Honing voor herpes – Is het een effectieve behandeling?

voor behandeling, gebruik honing, gebruik honing voor, behandeling herpes

Honing voor herpes – Werkt het?

Honing wordt al lang erkend als een natuurlijk antibioticum en een helende stof. Het is al honderden, zo niet duizenden jaren gebruikt voor zijn antimicrobiële en wondgenezende eigenschappen. Daarom is het niet verrassend dat mensen misschien denken aan het gebruik van honing voor de behandeling van herpes. Wat misschien nog meer verrassend is, is dat verschillende groepen wetenschappers de werkzaamheid begonnen te bestuderen.

Er zijn geen grootschalige dubbelblinde klinische onderzoeken geweest naar honing als herpesbehandeling. Er zijn echter verschillende in vitro en in vivo -onderzoeken uitgevoerd. Deze hebben getracht de werkzaamheid van zowel honing als propolis, een ander bijenproduct, voor de behandeling van herpesklachten te onderzoeken. Deze studies zijn over het algemeen verrassend succesvol geweest. Dus hebben verschillende studies gekeken naar het effect van propolis op vaginale laesies bij muizen.

De grootste gepubliceerde menselijke studie gaf 90 gerandomiseerde patiënten met genitale herpes de kans om één van de drie behandelingen tijdens een uitbraak te proberen. De opties waren een propoliszalf, topische acyclovir (een standaard herpesbehandeling), of een placebol zalf. Ze vonden dat individuen in de propolis-groep het beter deden dan die in de acyclovir- of de placebogroep. Ze hadden allebei een snellere genezing van hun laesies en hadden significant meer kans om hun laesies volledig te hebben genezen op dag 10 van de behandeling.

Een kleinere menselijke studie keek naar 8 patiënten met genitale herpes en 8 patiënten met orale herpes. Deze personen werden gerandomiseerd voor behandeling met ofwel honing en vervolgens plaatselijke acyclovir of actuele acyclovir en vervolgens honing in de loop van twee opeenvolgende aanvallen. Deze studie liet de wetenschappers toe om te controleren op verschillen tussen hoe mensen herpes-uitbraken ervaren.

Ook werd vastgesteld dat de duur van elke aanval, duur van pijn en genezingsduur korter was bij honing dan bij acyclovir.

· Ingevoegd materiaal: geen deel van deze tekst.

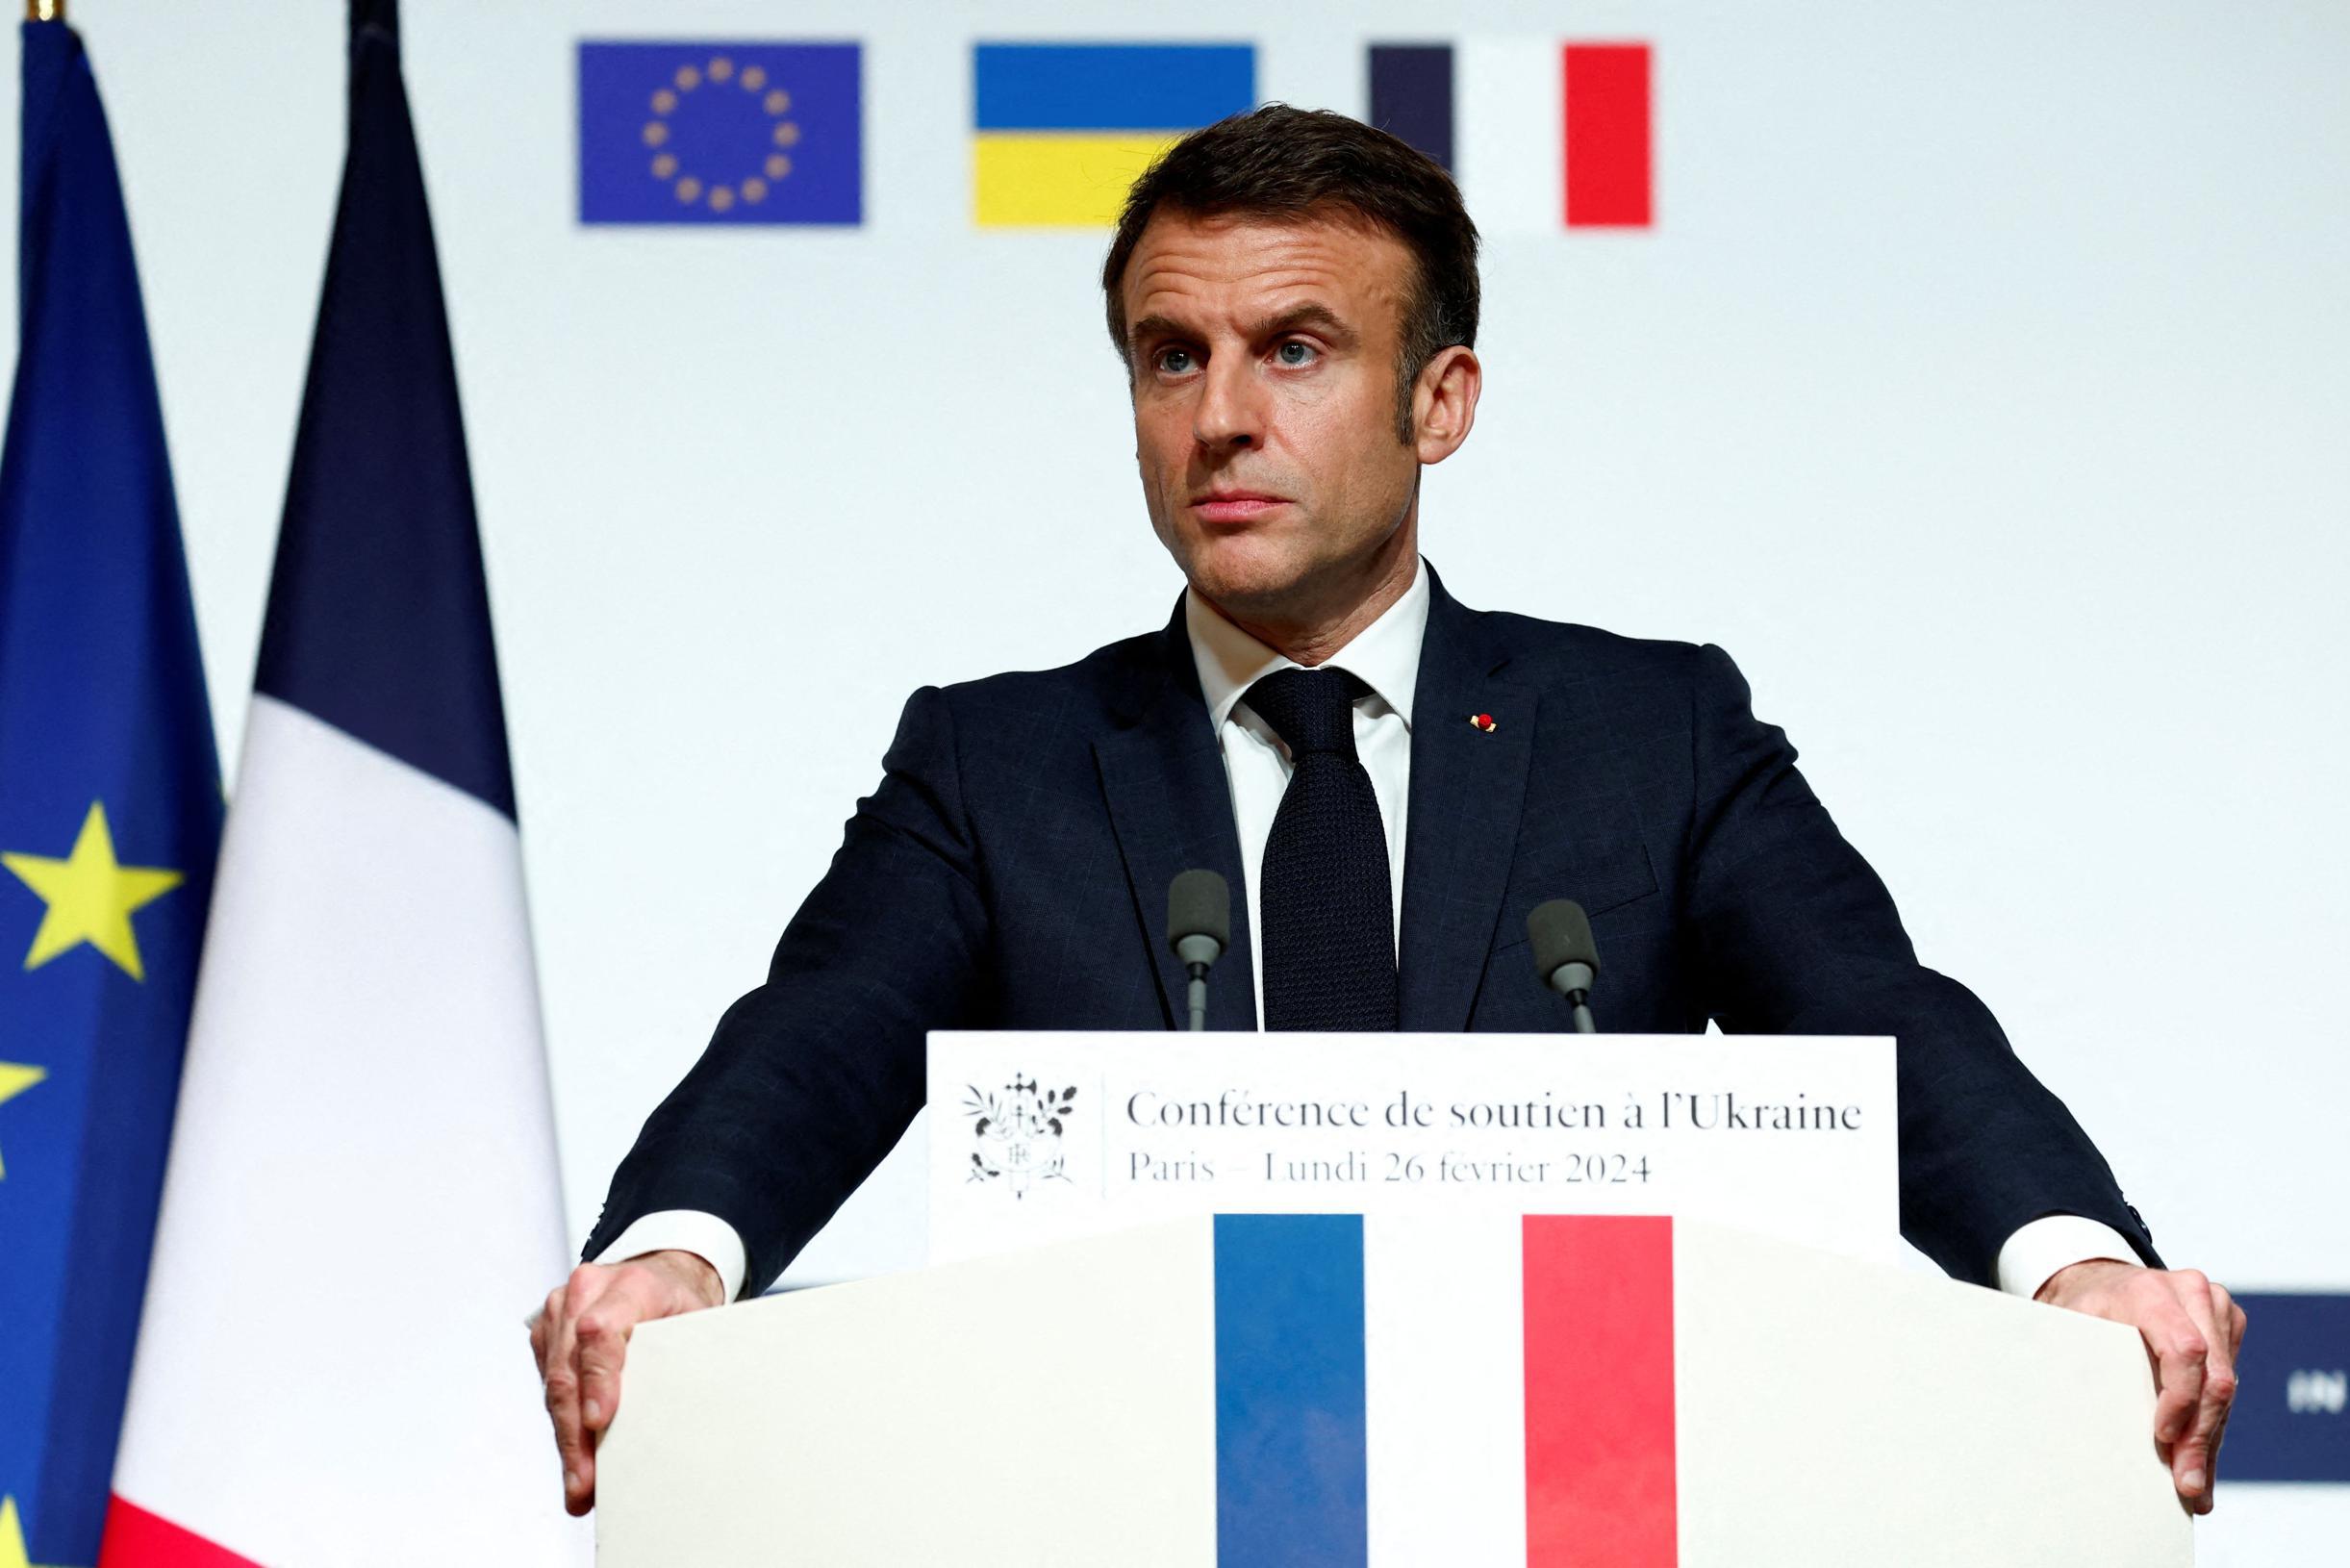 Macron introduces legislation regarding euthanasia

Wat laboratoriumonderzoek betreft, hebben ten minste zes studies gekeken naar de invloed van propolis op herpes-virussen in vitro. Ze hebben allemaal gesuggereerd dat propolis minstens een matig remmend effect uitoefent. Met andere woorden, het doodt het virus of voorkomt dat het groeit. Deze studies suggereren dat zelfs relatief lage concentraties van propolis-extracten effectief kunnen zijn in het verstoren van de replicatie van zowel HSV-1 als HSV-2. In deze onderzoeken is honing niet altijd even effectief als antivirale medicatie. Het heeft echter nog steeds over het algemeen een positief effect. De wondgenezende eigenschappen van honing kunnen het verschil in effecten tussen laboratoriumstudies en mensenstudies verklaren. Het gebruik van honing voor herpesbehandeling gaat niet alleen over het doden van het virus. Het gaat ook om het verminderen van symptomen. Dat is moeilijker te beoordelen met behulp vanin vitro onderzoeken.

Samengenomen suggereren deze onderzoeken dat het gebruik van honing voor de behandeling van herpes heel goed de herpes zweren van een individu kan helpen. Complementaire en alternatieve medicijnproeven kunnen moeilijk te financieren en te publiceren zijn. Het lijkt mij echter duidelijk dat nader onderzoek zeker is aangegeven.

Het zal interessant zijn om te zien of de resultaten in toekomstige onderzoeken zo positief blijven. Persoonlijk denk ik dat het bijzonder fascinerend zou zijn om te zien hoe honing het doet in vergelijking met oraal aciclovir. Ik zou het ook graag zien dat het wordt bestudeerd als een aanvulling op de onderdrukkende behandeling van mensen die nog steeds een uitbraak ervaren. Onderzoeksproject, iemand?

Schnitzler P, Neuner A, Nolkemper S, Zundel C, Nowack H, Sensch KH, Reichling J. Antivirale activiteit en werkingswijze van propolis-extracten en geselecteerde verbindingen. Phytother Res. Januari 2010: 24 Suppl 1: S20-8. doi: 10.1002 / ptr.2868. Erratum in: Phytother Res. 2010 april; 24 (4): 632.